-- DATA FOR THE TASK follows --
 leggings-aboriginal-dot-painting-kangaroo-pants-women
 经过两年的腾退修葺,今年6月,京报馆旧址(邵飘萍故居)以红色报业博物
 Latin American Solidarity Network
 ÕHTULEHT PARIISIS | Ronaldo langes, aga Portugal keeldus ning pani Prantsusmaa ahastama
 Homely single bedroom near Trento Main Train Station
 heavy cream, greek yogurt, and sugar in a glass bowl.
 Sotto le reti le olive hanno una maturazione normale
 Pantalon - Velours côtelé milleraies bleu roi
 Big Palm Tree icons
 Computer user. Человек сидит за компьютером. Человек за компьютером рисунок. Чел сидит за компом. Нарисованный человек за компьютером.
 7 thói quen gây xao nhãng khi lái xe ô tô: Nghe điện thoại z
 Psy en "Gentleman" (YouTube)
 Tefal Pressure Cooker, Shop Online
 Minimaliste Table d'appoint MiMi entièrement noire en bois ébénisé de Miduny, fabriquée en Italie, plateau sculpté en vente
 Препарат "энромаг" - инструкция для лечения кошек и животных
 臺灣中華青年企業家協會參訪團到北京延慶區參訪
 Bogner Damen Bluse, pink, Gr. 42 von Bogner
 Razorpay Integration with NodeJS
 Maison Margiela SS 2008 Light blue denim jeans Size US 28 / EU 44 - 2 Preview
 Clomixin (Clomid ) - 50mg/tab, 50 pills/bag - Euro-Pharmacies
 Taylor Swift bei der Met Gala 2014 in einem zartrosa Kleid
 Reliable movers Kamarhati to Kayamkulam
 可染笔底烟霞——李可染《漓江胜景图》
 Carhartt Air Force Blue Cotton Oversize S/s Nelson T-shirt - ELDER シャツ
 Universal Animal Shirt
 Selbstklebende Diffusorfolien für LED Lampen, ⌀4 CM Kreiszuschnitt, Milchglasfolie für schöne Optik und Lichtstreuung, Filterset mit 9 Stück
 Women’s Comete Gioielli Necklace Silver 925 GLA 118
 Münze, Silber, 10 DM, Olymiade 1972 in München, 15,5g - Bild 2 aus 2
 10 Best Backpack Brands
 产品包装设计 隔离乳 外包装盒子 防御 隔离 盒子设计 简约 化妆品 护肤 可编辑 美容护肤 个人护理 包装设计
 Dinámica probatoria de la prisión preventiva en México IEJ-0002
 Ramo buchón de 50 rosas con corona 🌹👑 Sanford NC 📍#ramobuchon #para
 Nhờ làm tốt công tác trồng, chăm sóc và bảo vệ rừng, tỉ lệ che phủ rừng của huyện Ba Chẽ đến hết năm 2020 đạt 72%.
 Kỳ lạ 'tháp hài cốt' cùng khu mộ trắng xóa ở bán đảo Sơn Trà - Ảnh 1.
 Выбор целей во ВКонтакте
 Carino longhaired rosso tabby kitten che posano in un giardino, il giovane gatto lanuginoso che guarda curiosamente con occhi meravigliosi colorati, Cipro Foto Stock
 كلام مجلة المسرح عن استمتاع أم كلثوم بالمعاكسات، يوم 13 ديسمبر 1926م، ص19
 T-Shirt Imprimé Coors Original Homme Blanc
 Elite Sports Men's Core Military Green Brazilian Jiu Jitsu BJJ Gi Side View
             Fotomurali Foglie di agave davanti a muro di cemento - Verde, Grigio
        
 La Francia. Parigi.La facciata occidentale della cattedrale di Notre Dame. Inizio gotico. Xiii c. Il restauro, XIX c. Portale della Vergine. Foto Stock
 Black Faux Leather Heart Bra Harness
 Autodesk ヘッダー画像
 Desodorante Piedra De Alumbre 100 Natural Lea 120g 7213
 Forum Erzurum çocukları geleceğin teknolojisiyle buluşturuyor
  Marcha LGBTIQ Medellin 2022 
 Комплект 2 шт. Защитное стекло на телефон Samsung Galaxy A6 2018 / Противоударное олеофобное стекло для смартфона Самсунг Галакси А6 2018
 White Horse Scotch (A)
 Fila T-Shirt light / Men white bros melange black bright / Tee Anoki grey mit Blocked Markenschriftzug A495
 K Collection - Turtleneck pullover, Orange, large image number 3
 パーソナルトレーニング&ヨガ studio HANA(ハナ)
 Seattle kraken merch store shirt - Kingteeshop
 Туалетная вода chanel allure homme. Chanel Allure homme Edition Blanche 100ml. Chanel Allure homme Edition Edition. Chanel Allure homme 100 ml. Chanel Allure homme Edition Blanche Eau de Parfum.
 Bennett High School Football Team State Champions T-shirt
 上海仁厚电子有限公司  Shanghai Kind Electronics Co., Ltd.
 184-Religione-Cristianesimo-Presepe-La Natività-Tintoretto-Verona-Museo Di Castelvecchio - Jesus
-- DATA FOR THE TASK concluded --
### WHAT THE TASK REQUIRES:
Repeat exactly the lines above from the one with "Women’s Comete Gioielli" up to and including the one with "Ramo buchón de". No other line belongs in the reply.

### EXERCISE RESPONSE:
 Women’s Comete Gioielli Necklace Silver 925 GLA 118
 Münze, Silber, 10 DM, Olymiade 1972 in München, 15,5g - Bild 2 aus 2
 10 Best Backpack Brands
 产品包装设计 隔离乳 外包装盒子 防御 隔离 盒子设计 简约 化妆品 护肤 可编辑 美容护肤 个人护理 包装设计
 Dinámica probatoria de la prisión preventiva en México IEJ-0002
 Ramo buchón de 50 rosas con corona 🌹👑 Sanford NC 📍#ramobuchon #para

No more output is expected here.